Die Klägerin verlangte nach Schließung der Geburtshilfe eine Sozialplanabfindung, nachdem sie selbst gekündigt hatte. Streitentscheidend war, ob ihre Eigenkündigung als Ablehnung eines Angebots zur Fortsetzung des Arbeitsverhältnisses zu unveränderten Bedingungen zu werten ist und ob der Sozialplan Pflegekräfte gegenüber Hebammen gleichheitswidrig benachteiligt. Das Gericht verneinte einen Anspruch, weil § 2 Abs. 3 Sozialplan bei Ablehnung einer angebotenen Weiterbeschäftigung Leistungen ausschließt. Die Differenzierung sei sachlich gerechtfertigt, da Hebammen nach Schließung der Geburtshilfe ihre Tätigkeit typischerweise nicht mehr ausüben können, Pflegekräfte aber versetzbar sind.

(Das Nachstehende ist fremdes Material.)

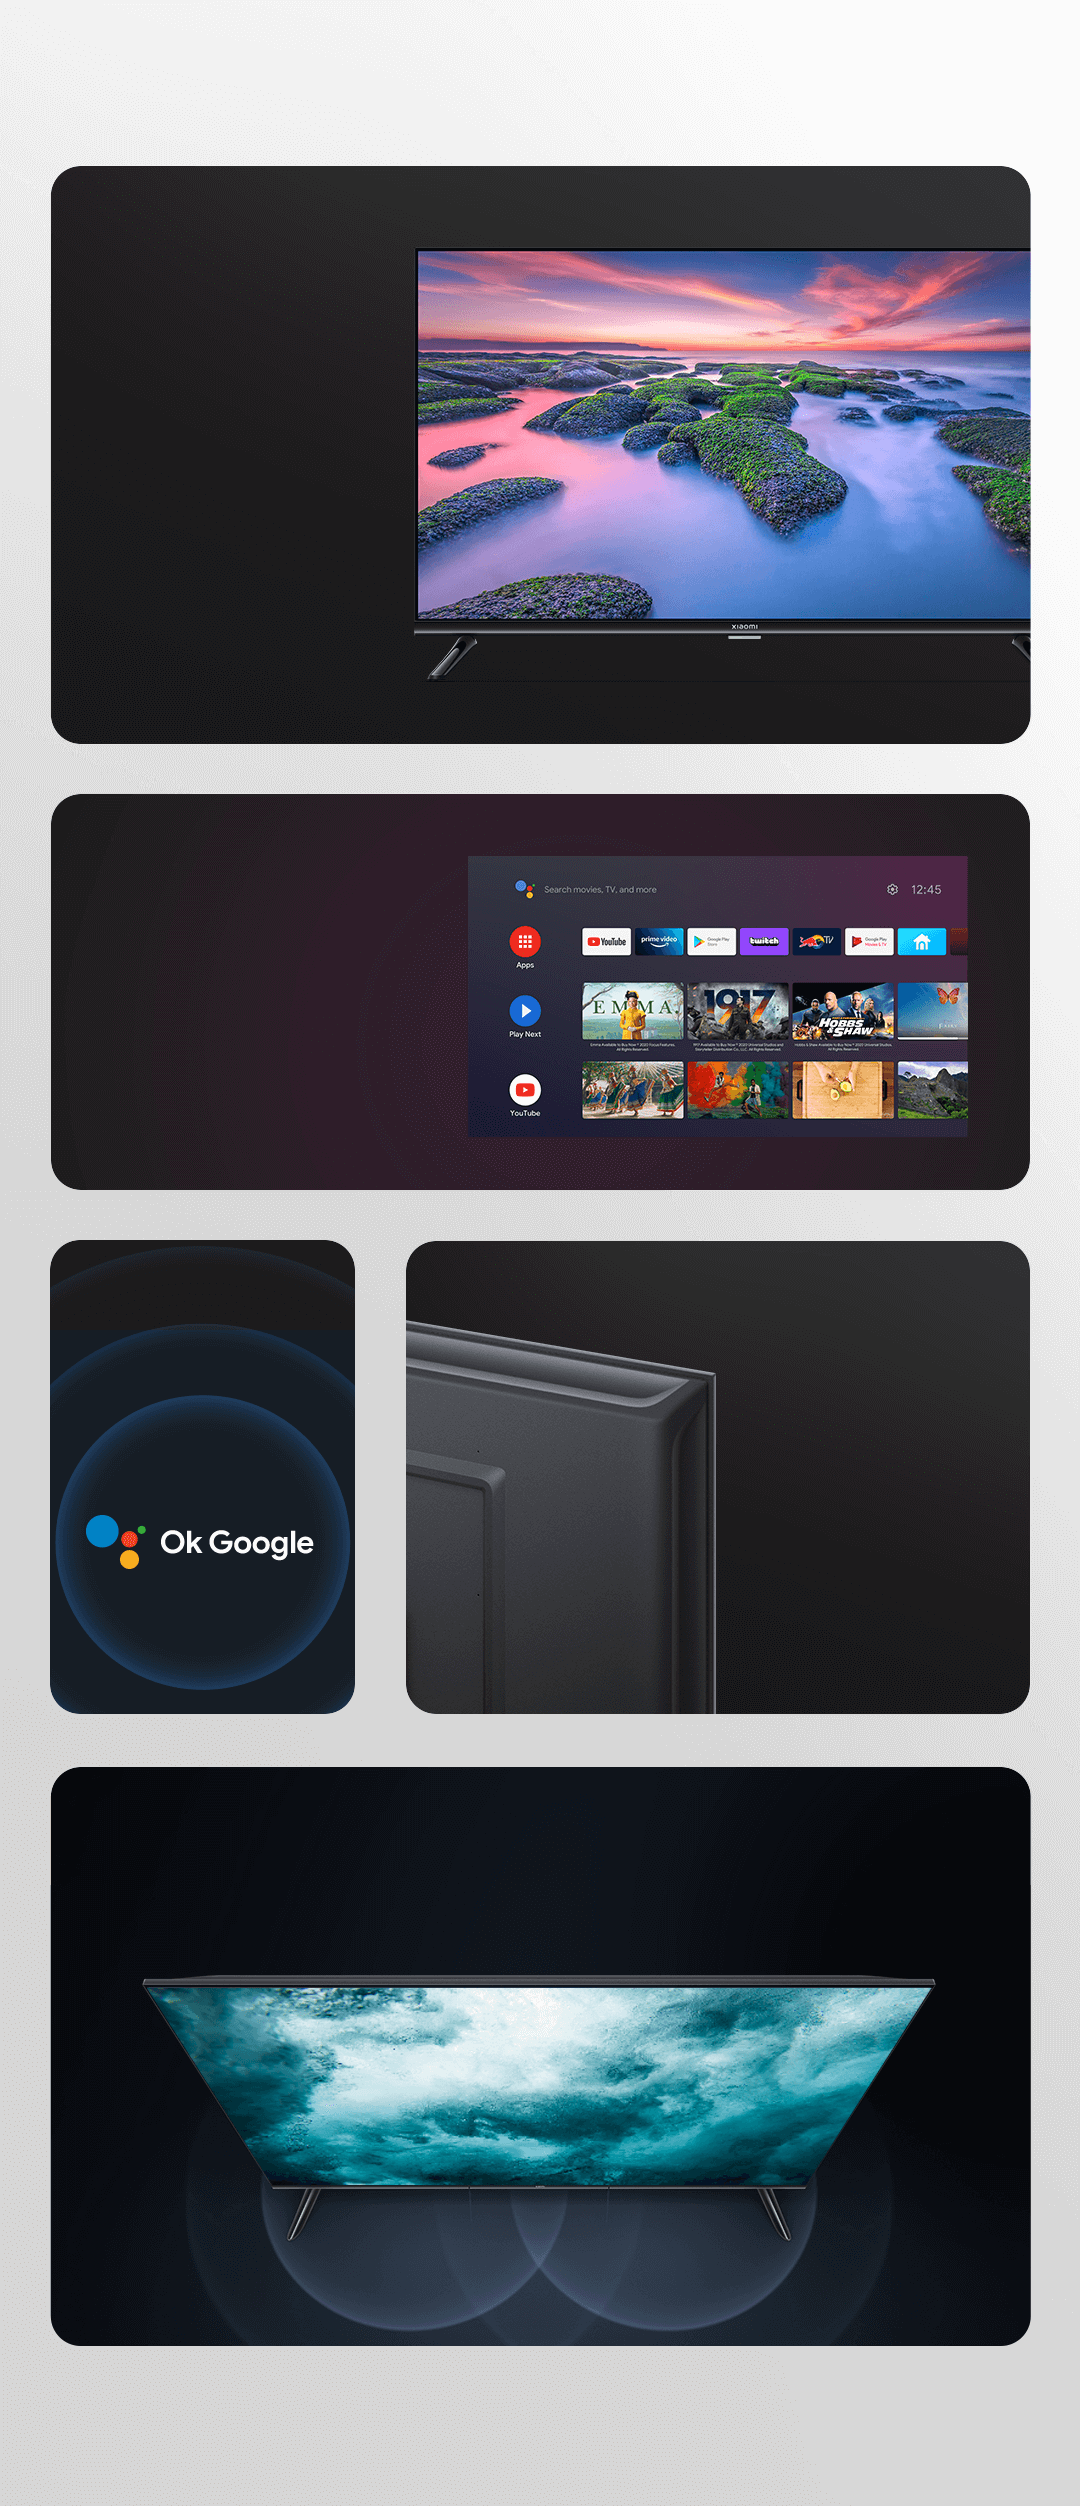 Xiaomi Tv A Pro 32

Ausgang: Zahlungsklage auf Sozialplanabfindung wegen Leistungsausschlusses nach Ablehnung der Weiterbeschäftigung abgewiesen
Abstrakte Rechtssätze
Ein Sozialplan kann einen Abfindungsanspruch wirksam ausschließen, wenn dem Arbeitnehmer eine Fortsetzung des Arbeitsverhältnisses zu unveränderten Bedingungen angeboten wird und er dieses Angebot ablehnt.
Eine Eigenkündigung kann als Ablehnung eines zuvor unterbreiteten Angebots auf Weiterbeschäftigung zu unveränderten Bedingungen gewertet werden und damit einen sozialplanrechtlichen Leistungsausschluss auslösen.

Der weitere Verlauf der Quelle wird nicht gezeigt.